妹の方が聖女に相応しいと国を追い出されましたが、隣国の王太子に見初められました。今更戻って来て欲しいなどと言われても困ります。
「頃合いを見て相談しようと思っていたのだが、エルムルナ殿が先に言ってしまったか……まあ、無理もないことか。彼女は、随分と長い間聖女をされている……」
「そうですよね……」
 
 エルムルナ様は、二度も聖女をすることになった。
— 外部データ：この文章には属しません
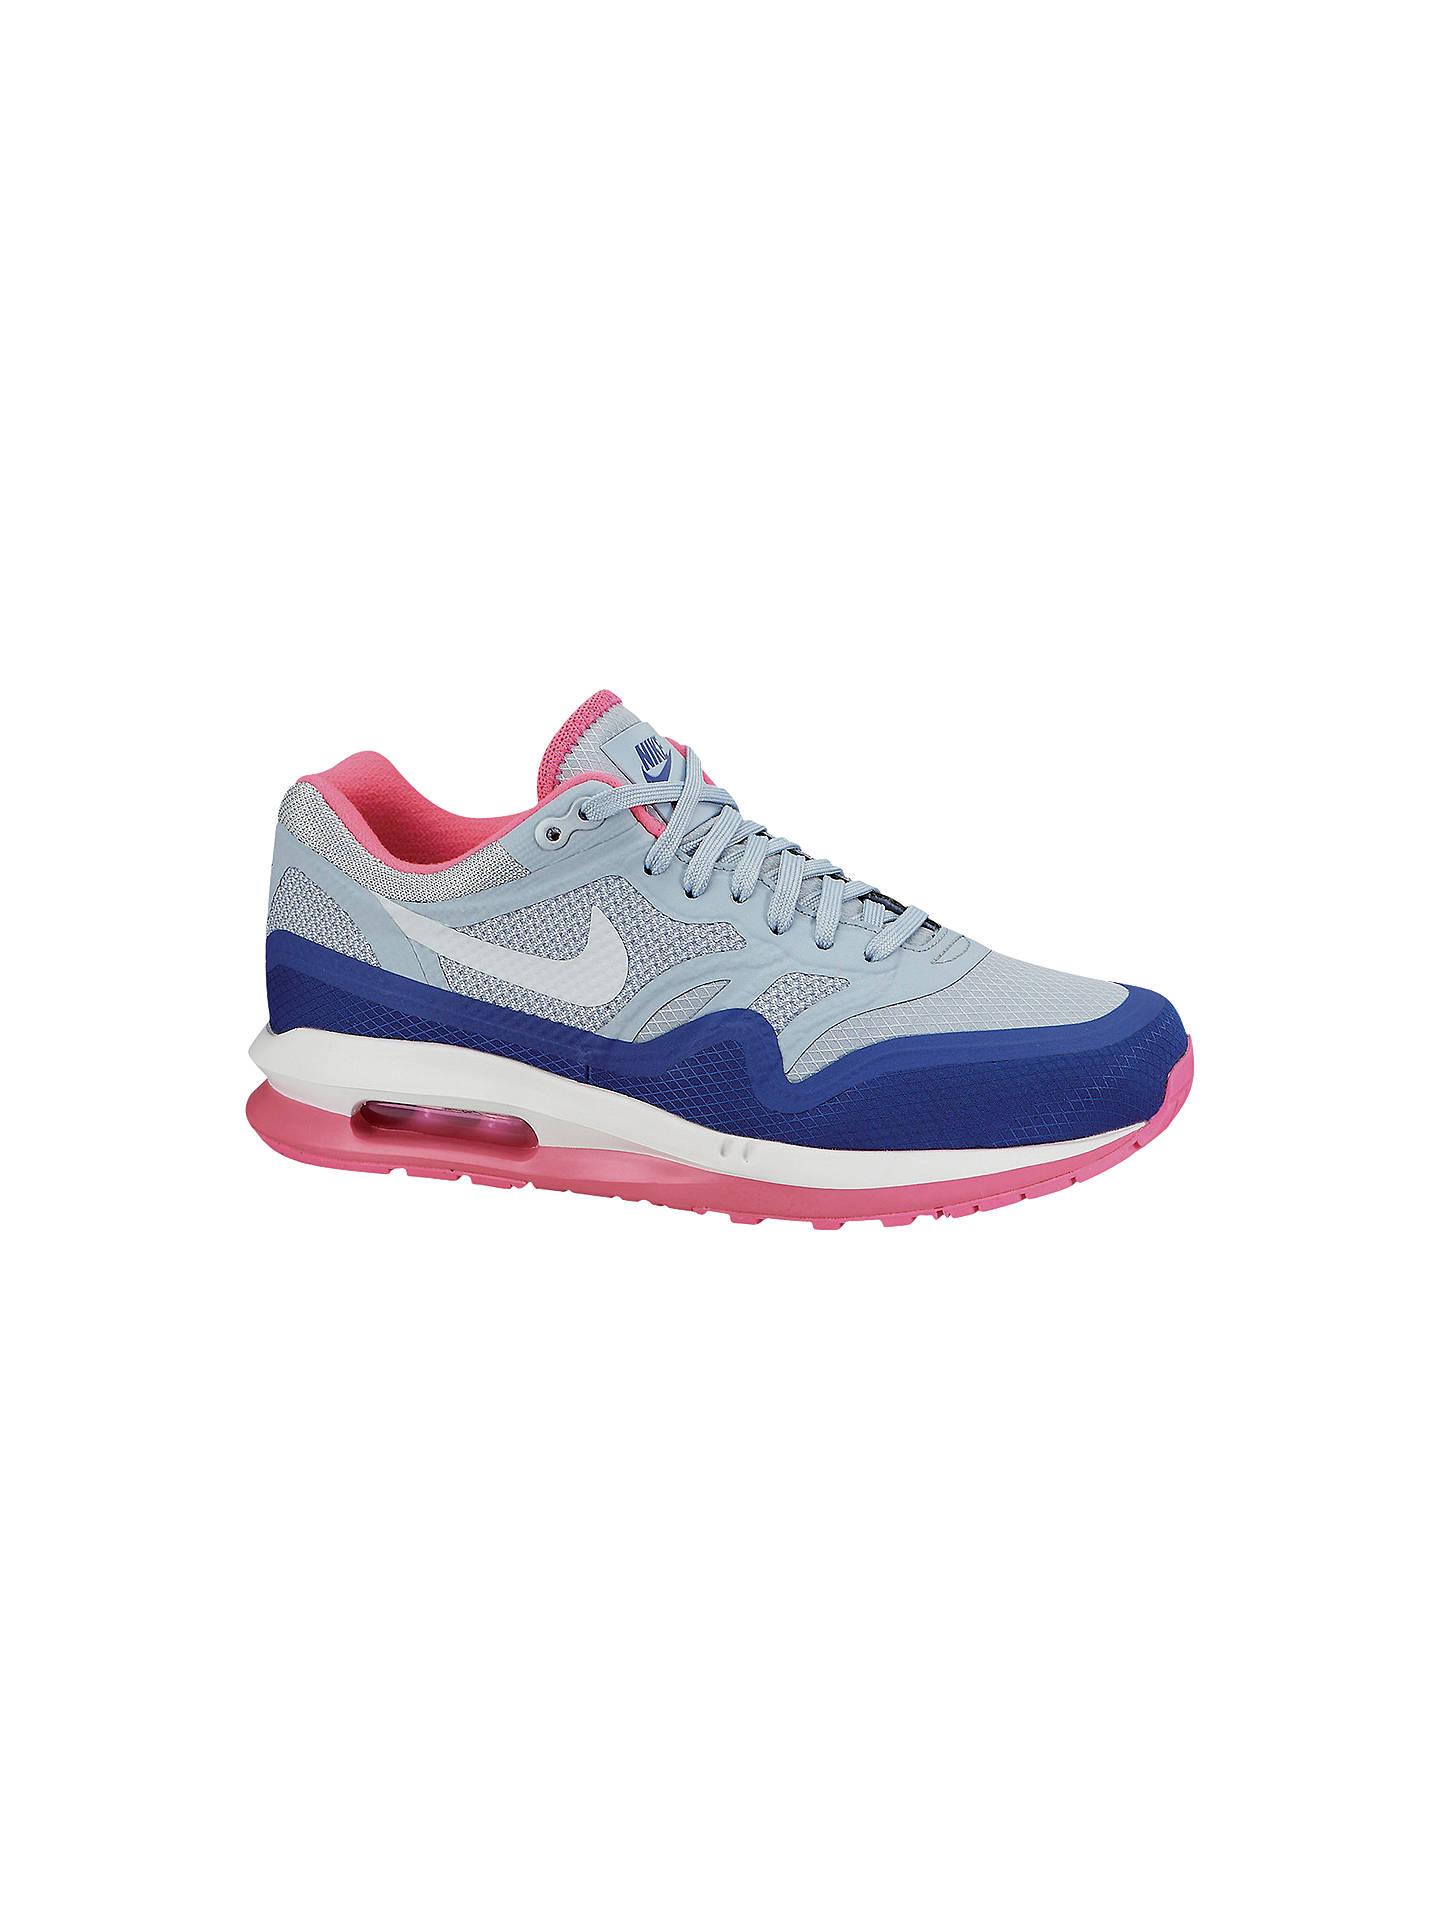 best website 2697b 80b55 Buy Nike Women s Air Max Lunar1 Trainers, Light Magnet Grey Hyper Pink, 3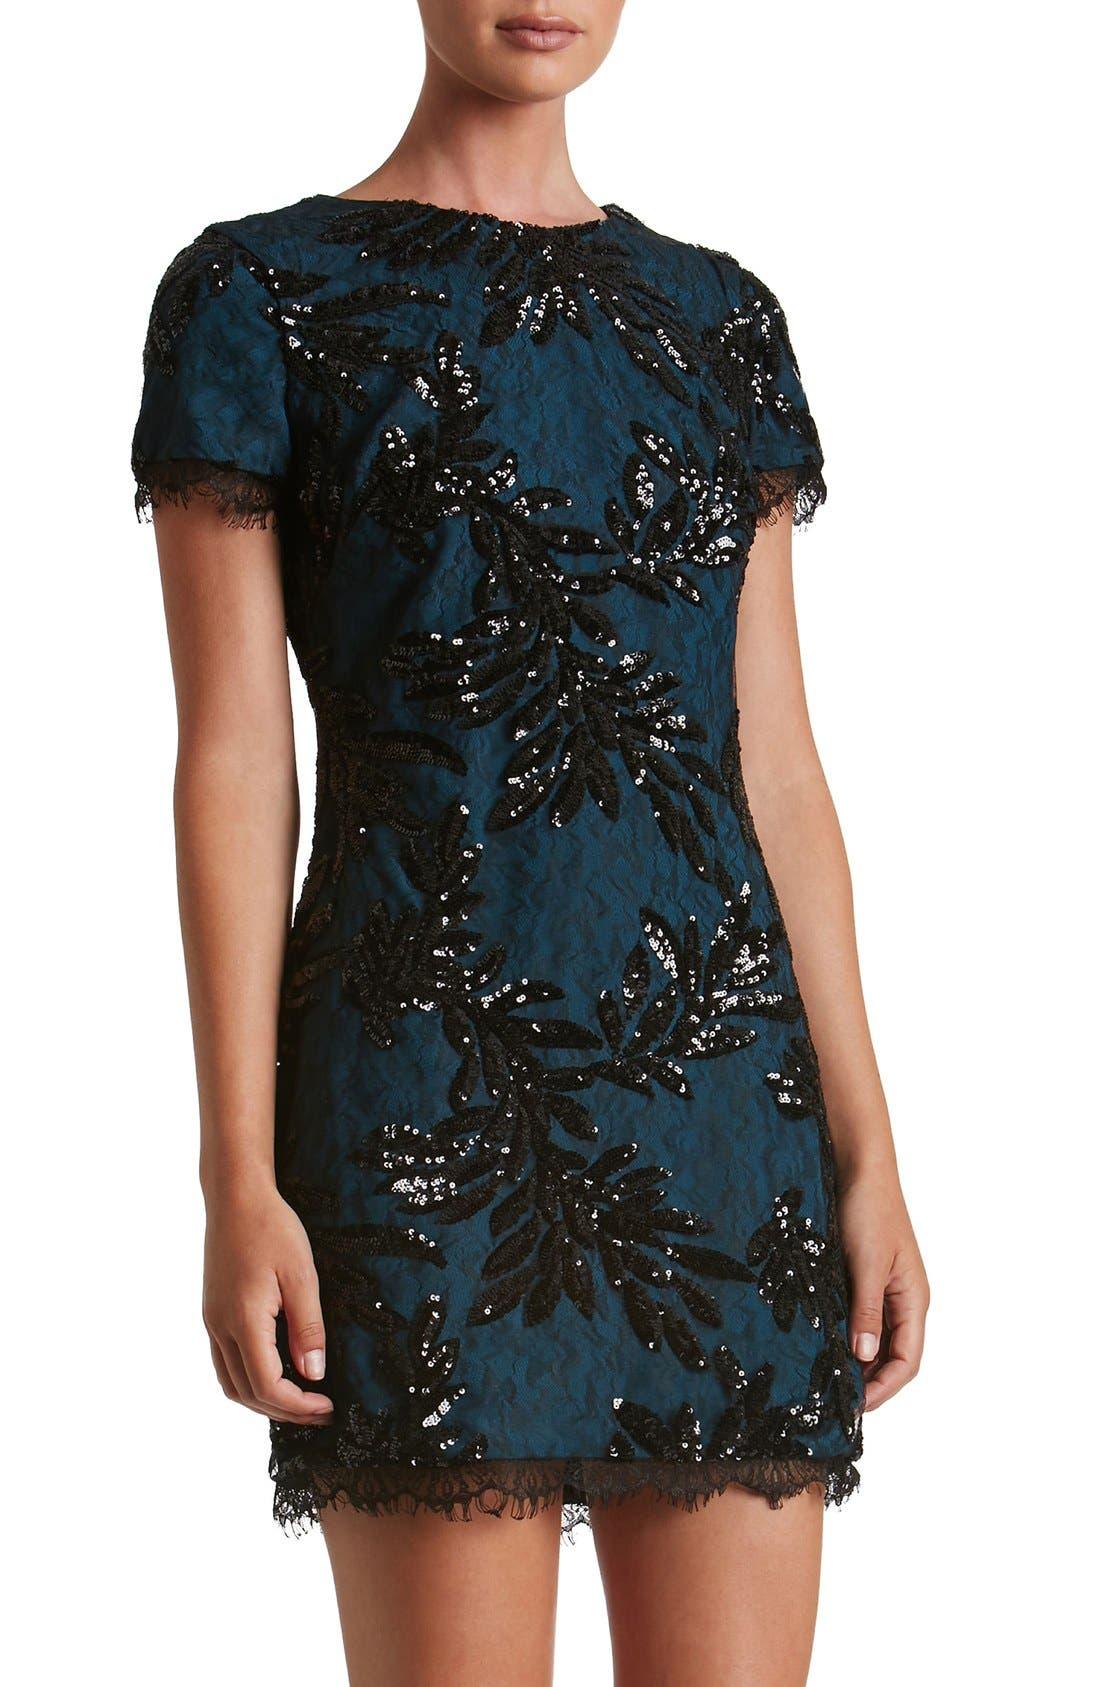 Alternate Image 1 Selected - Dress the Population Valerie Sequin Lace Sheath Dress

そんな彼女にとって、後継者というのはとてもありがたい存在なのかもしれない。
 私としても、できれば彼女を休ませてあげたいと思っている。聖女の仕事は、激務だ。体力的にも、エルムルナ様は限界も近いだろう。

「それで、フェルーナ殿はその話を受けるつもりなのか?」
「……はい。そのつもりです」
「そうか。それはよかった。俺も、安心できる」

 私の言葉に、アグナヴァン様は笑顔を見せてくれた。
 彼は、次期国王とされている。そんな彼にとっても、聖女の問題というものは非常に頭を悩ませていたものなのだろう。その安堵の表情からは、それが伝わってくる。

「でも、聖女に就任するにしても、私の無実が証明されなければ、話にならないかもしれませんね……」
「ああ、それはその通りだ。もっとも、それは近い内に証明されるだろう。ドルマニア王国は、今大変なようだからな」
「そうですね……」

 私は、アグナヴァン様の言葉に頷いた。
 ドルマニア王国は、現在大変なことになっている。少し悲しいことではあるが、それによって私の無実は証明されるのだ。